__What needs to be done__. Transcribe all of the data verbatim, please, and leave out its pictures.

__Data block__.
○ ○ ○ ○

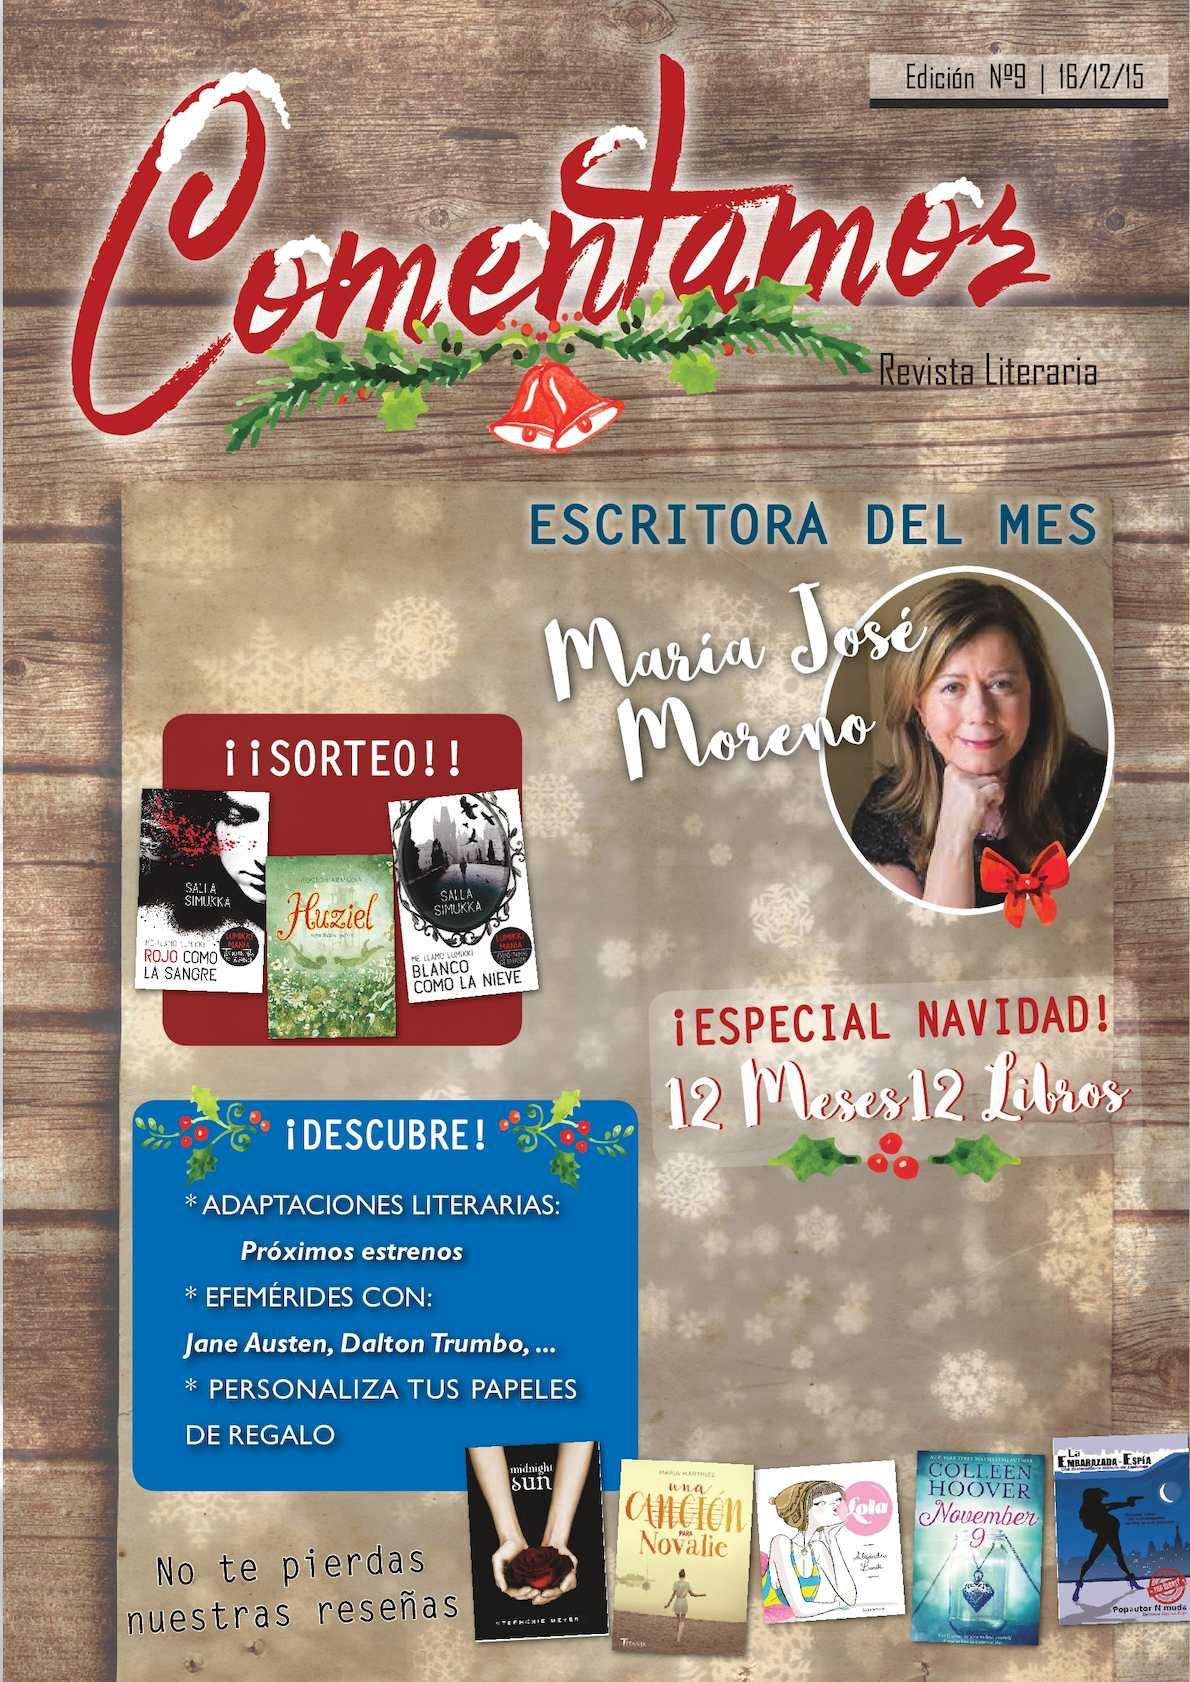 Calaméo - Revista Comentamos Diciembre 2015 (Pdf) b642af43bd4
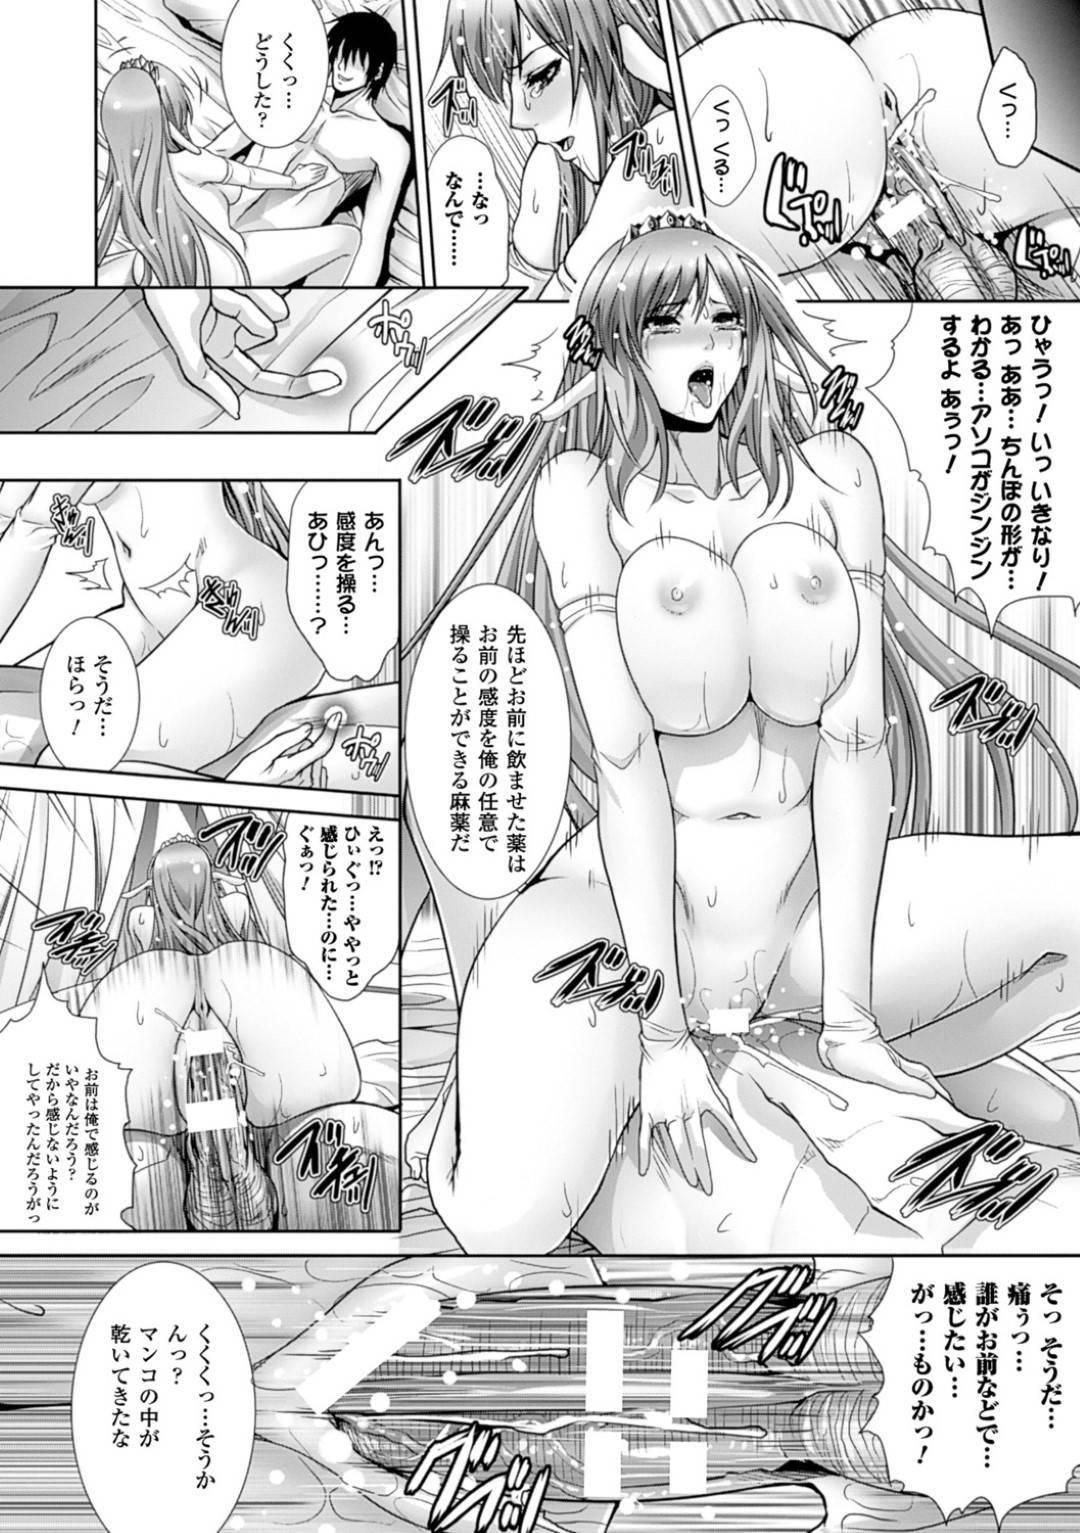 【エロ漫画】絶滅寸前のエルフ族存続のために人間の男に寝る事になったエルフ姫。彼女は欲情した男にされるがままにクンニされた後、正常位でチンポを生挿入されて処女喪失し、更には中出しまでされてしまう。
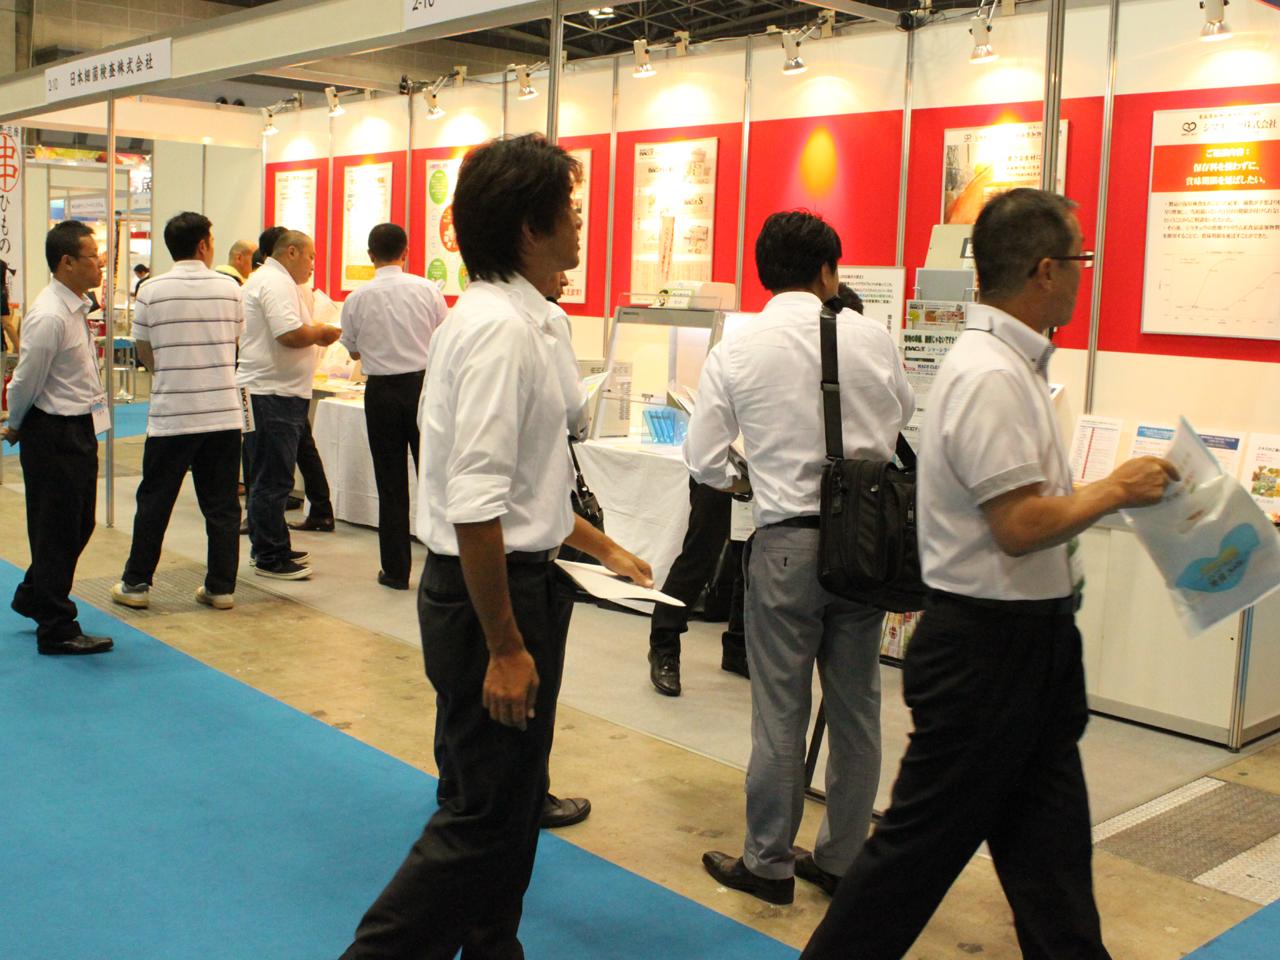 第15回ジャパン・インターナショナル・シーフードショー/The 15th Japan International Seafood & Technology Expo
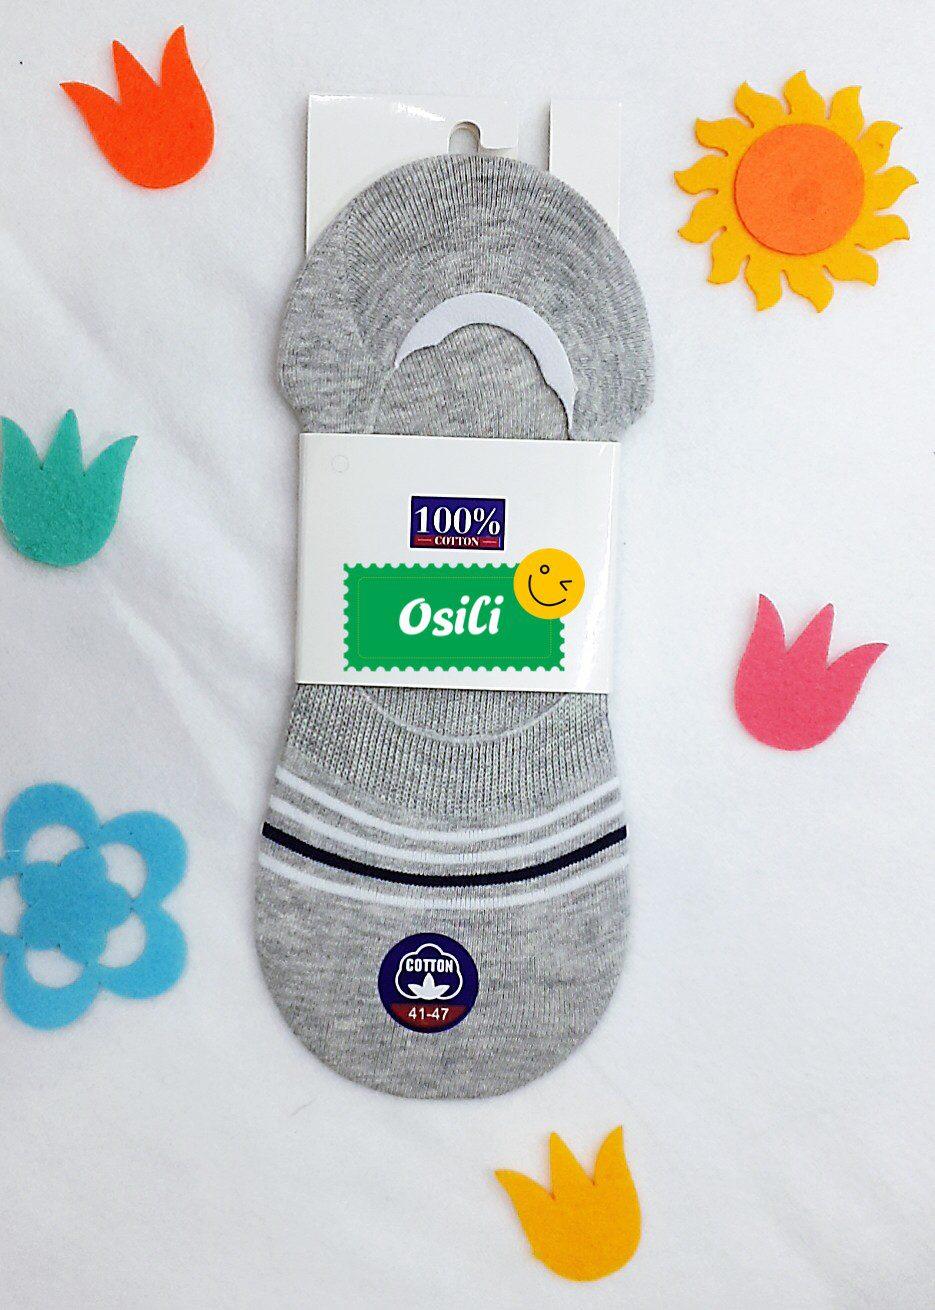 IMG 6502 Osili - Fashion - Divat

○ ○ ○ ○

__Result of the task__.
 Calaméo - Revista Comentamos Diciembre 2015 (Pdf) b642af43bd4
 【エロ漫画】絶滅寸前のエルフ族存続のために人間の男に寝る事になったエルフ姫。彼女は欲情した男にされるがままにクンニされた後、正常位でチンポを生挿入されて処女喪失し、更には中出しまでされてしまう。
 第15回ジャパン・インターナショナル・シーフードショー/The 15th Japan International Seafood & Technology Expo
 IMG 6502 Osili - Fashion - Divat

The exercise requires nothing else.